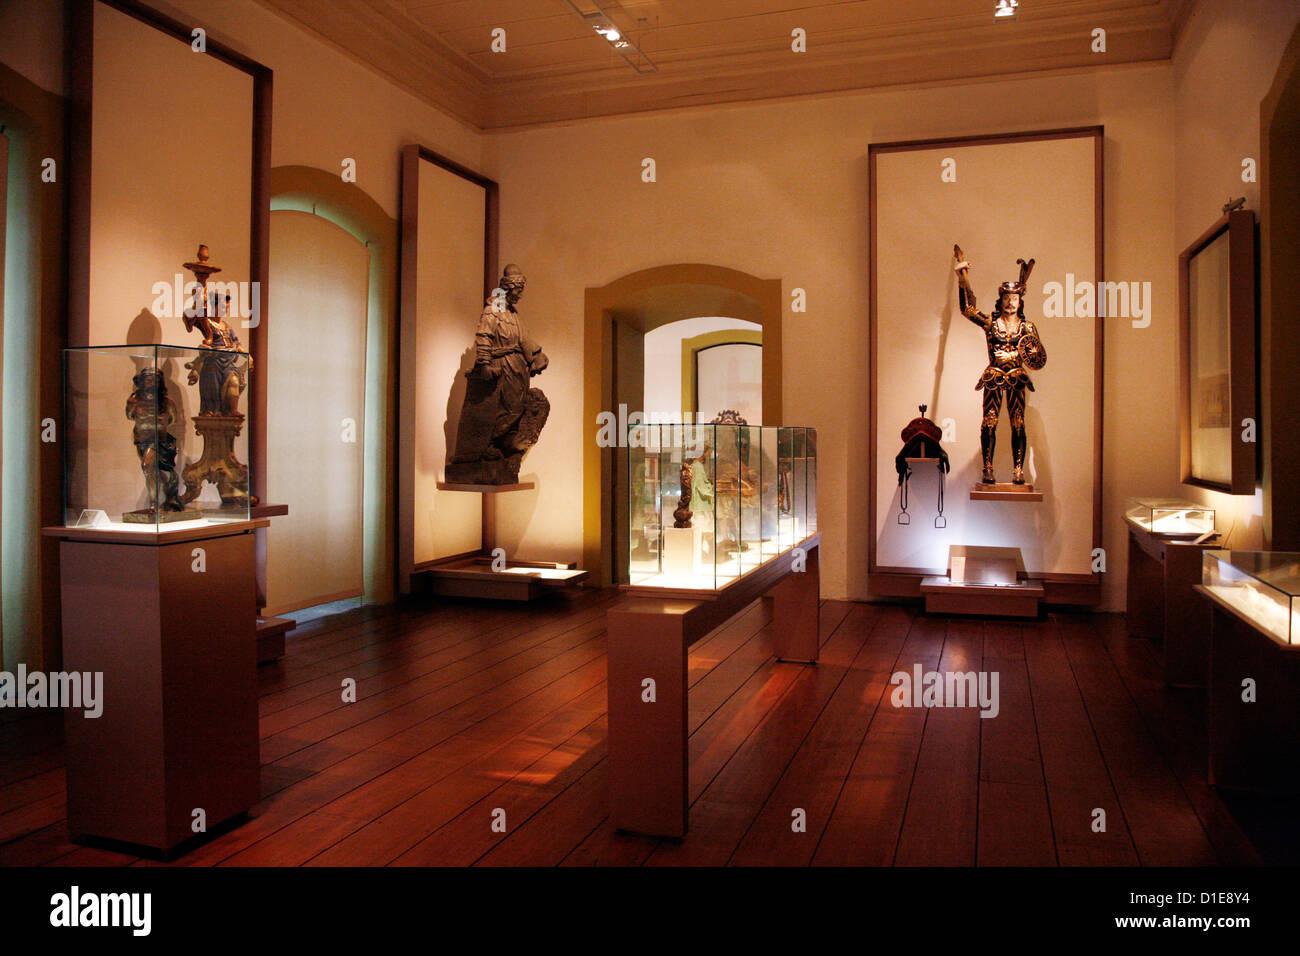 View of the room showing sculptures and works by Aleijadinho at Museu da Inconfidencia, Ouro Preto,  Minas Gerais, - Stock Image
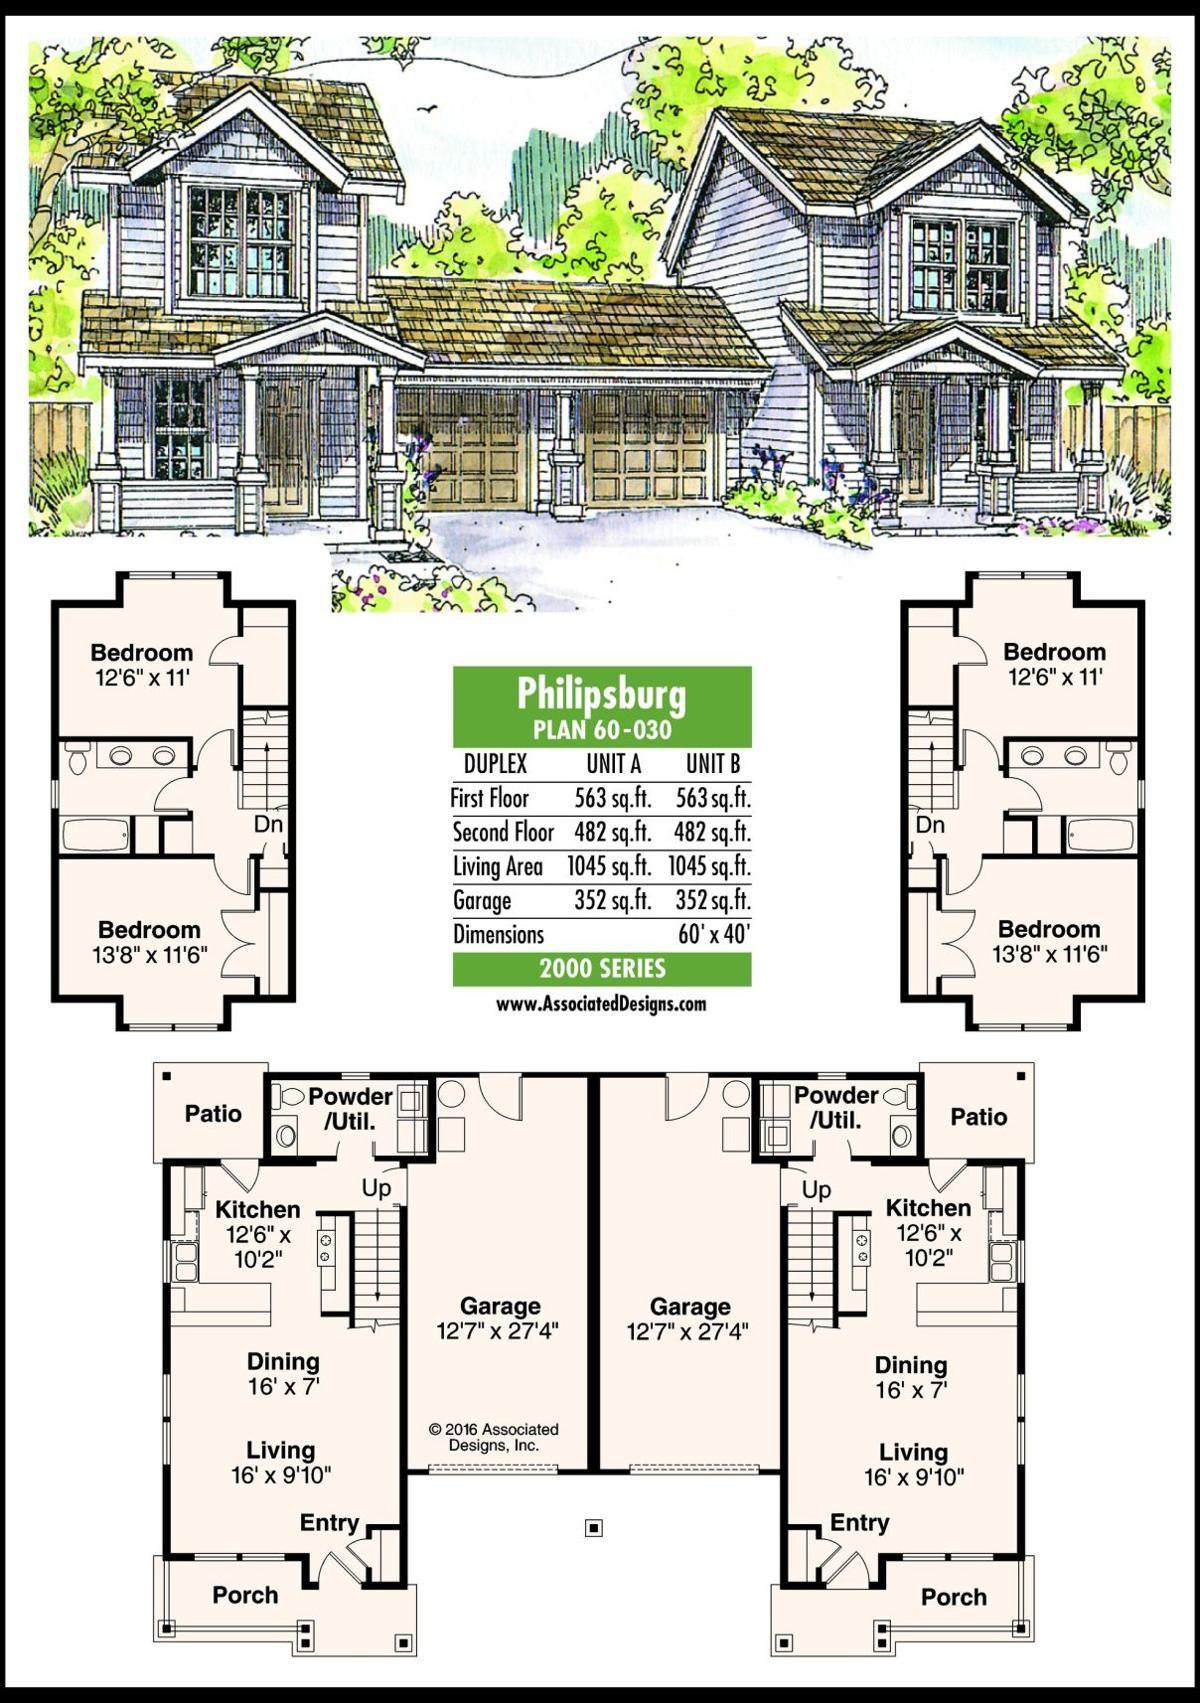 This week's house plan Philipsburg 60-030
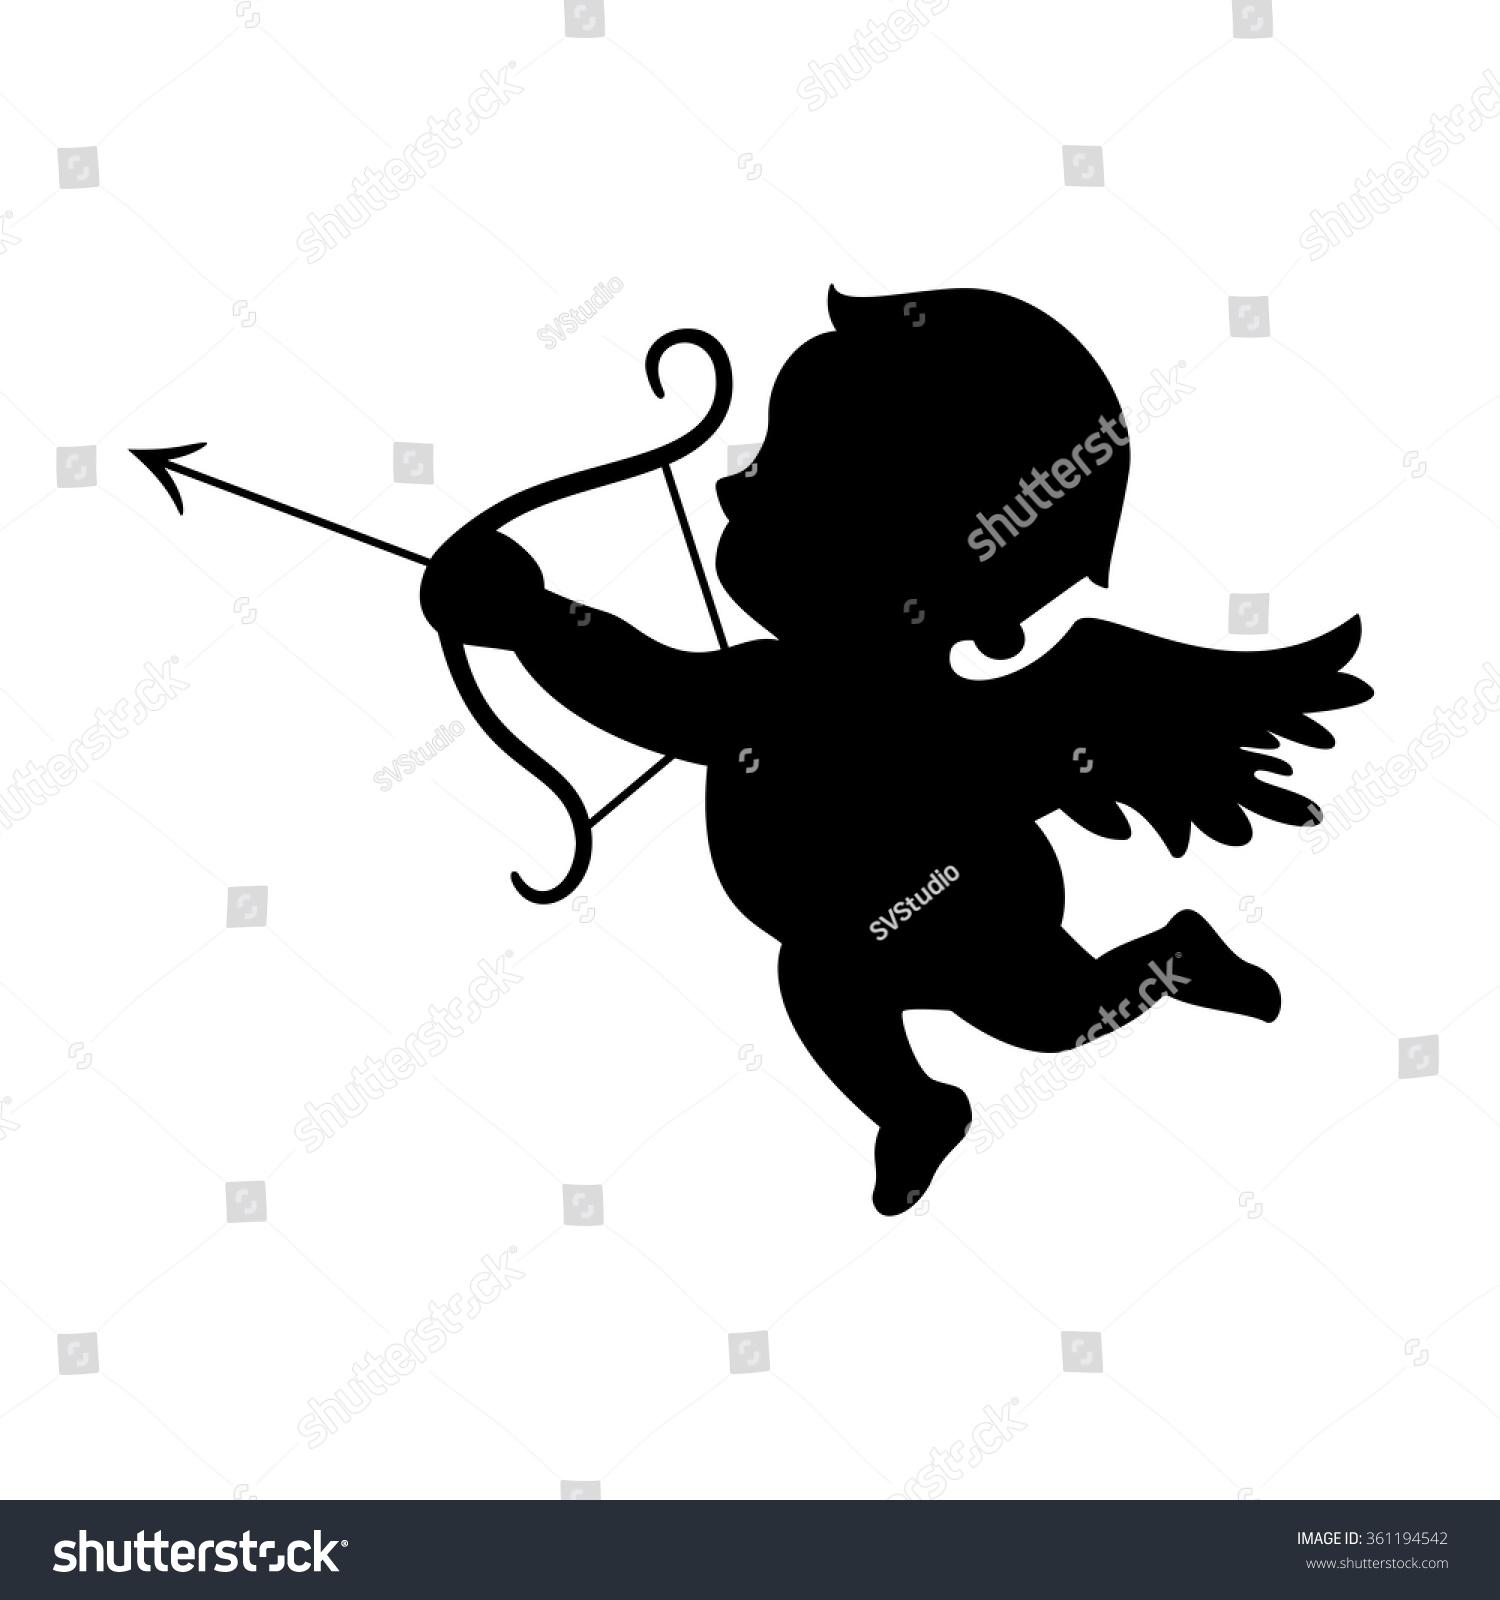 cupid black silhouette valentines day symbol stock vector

□ □ □

**What the task requires**:
Write out the lines of the listing from the one that holds "This week's house plan Philipsburg 60-030" to the very last line, both included, exactly as they appear and without any pictures.

**Exercise solution**:
 This week's house plan Philipsburg 60-030
 cupid black silhouette valentines day symbol stock vector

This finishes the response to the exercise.